Our model’s assumption here is that sepal width is normally distributed, given sepal length. Most often, we’re trying to predict the mean of a conditional Gaussian distribution:

\[p(y|\mathbf{x} = N(y; \mathbf{w}^t\mathbf{h} + b)\]

In that case, the cost function that minimizes cross entropy (equivalently: optimizes maximum likelihood) is *mean squared error*. And that’s exactly what we’re using as a cost function above.

Alternatively, we might wish to predict the median of that conditional distribution. In that case, we’d change the cost function to use mean absolute error:

```
model %>% compile(
optimizer = "adam",
loss = "mean_absolute_error"
)
```

Now let’s move on beyond linearity.

We’re enthusiastic bird watchers and want an application to notify us when there’s a bird in our garden - not when the neighbors landed their airplane, though. We’ll thus train a network to distinguish between two classes: birds and airplanes.

```
# Using the CIFAR-10 dataset that conveniently comes with Keras.
cifar10 <- dataset_cifar10()
x_train <- cifar10$train$x / 255
y_train <- cifar10$train$y
is_bird <- cifar10$train$y == 2
x_bird <- x_train[is_bird, , ,]
y_bird <- rep(0, 5000)
is_plane <- cifar10$train$y == 0
x_plane <- x_train[is_plane, , ,]
y_plane <- rep(1, 5000)
x <- abind::abind(x_bird, x_plane, along = 1)
y <- c(y_bird, y_plane)
model <- keras_model_sequential() %>%
layer_conv_2d(
filter = 8,
kernel_size = c(3, 3),
padding = "same",
input_shape = c(32, 32, 3),
activation = "relu"
) %>%
layer_max_pooling_2d(pool_size = c(2, 2)) %>%
layer_conv_2d(
filter = 8,
kernel_size = c(3, 3),
padding = "same",
activation = "relu"
) %>%
layer_max_pooling_2d(pool_size = c(2, 2)) %>%
layer_flatten() %>%
layer_dense(units = 32, activation = "relu") %>%
layer_dense(units = 1, activation = "sigmoid")
model %>% compile(
optimizer = "adam",
loss = "binary_crossentropy",
metrics = "accuracy"
)
model %>% fit(
x = x,
y = y,
epochs = 50
)
```

Although we normally talk about “binary classification”, the way the outcome is usually modeled is as a *Bernoulli random variable*, conditioned on the input data. So:

\[P(y = 1|\mathbf{x}) = p, \ 0\leq p\leq1\]

A Bernoulli random variable takes on values between \(0\) and \(1\). So that’s what our network should produce. One idea might be to just clip all values of \(\mathbf{w}^t\mathbf{h} + b\) outside that interval. But if we do this, the gradient in these regions will be \(0\): The network cannot learn.
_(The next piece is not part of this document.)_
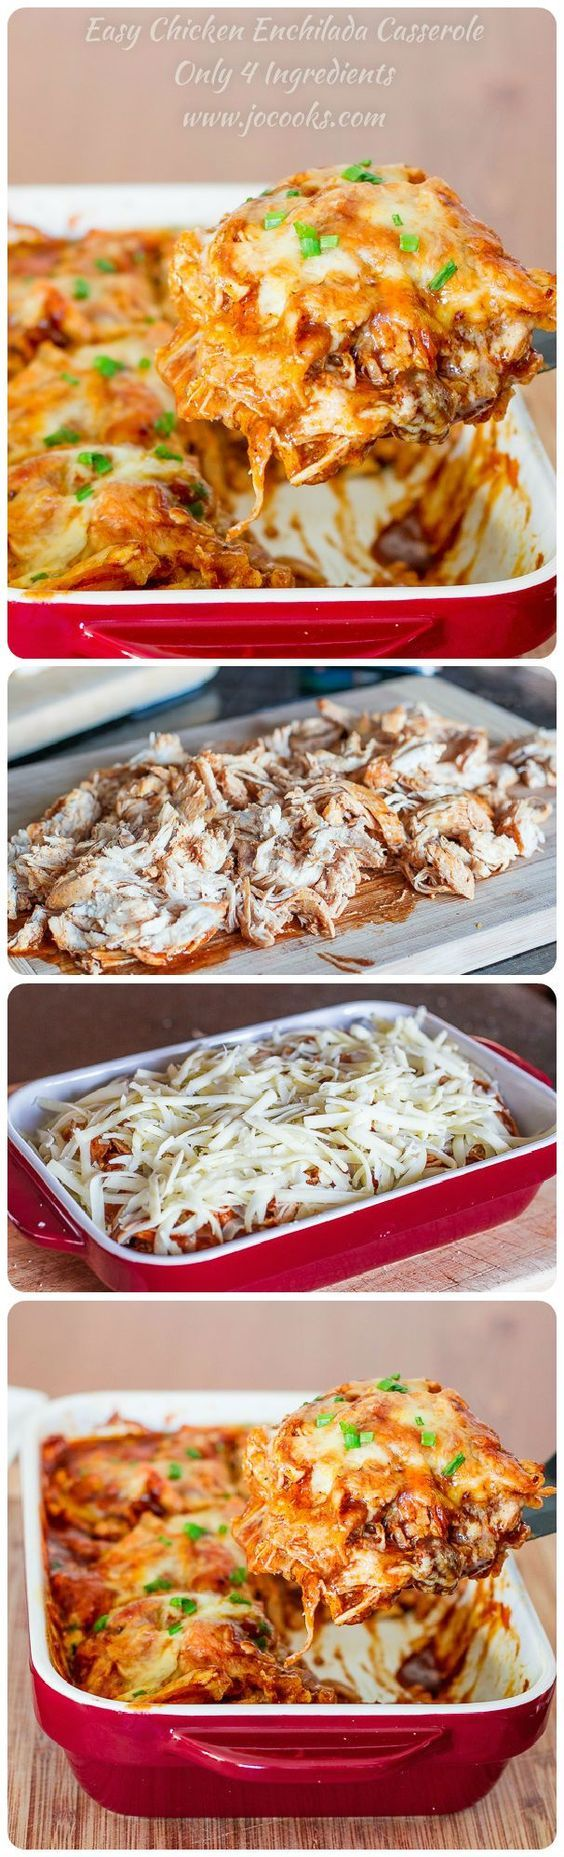 Easy chicken enchilada casserole #chickenbreastrecipeseasy

A better way is to squish the complete incoming interval into the range (0,1), using the logistic *sigmoid* function

\[ \sigma(x) = \frac{1}{1 + e^{(-x)}} \]

As you can see, the sigmoid function saturates when its input gets very large, or very small. Is this problematic? It depends. In the end, what we care about is if the cost function saturates. Were we to choose mean squared error here, as in the regression task above, that’s indeed what could happen.^{1}

However, if we follow the general principle of maximum likelihood/cross entropy, the loss will be

\[- log P (y|\mathbf{x})\]

where the \(log\) undoes the \(exp\) in the sigmoid.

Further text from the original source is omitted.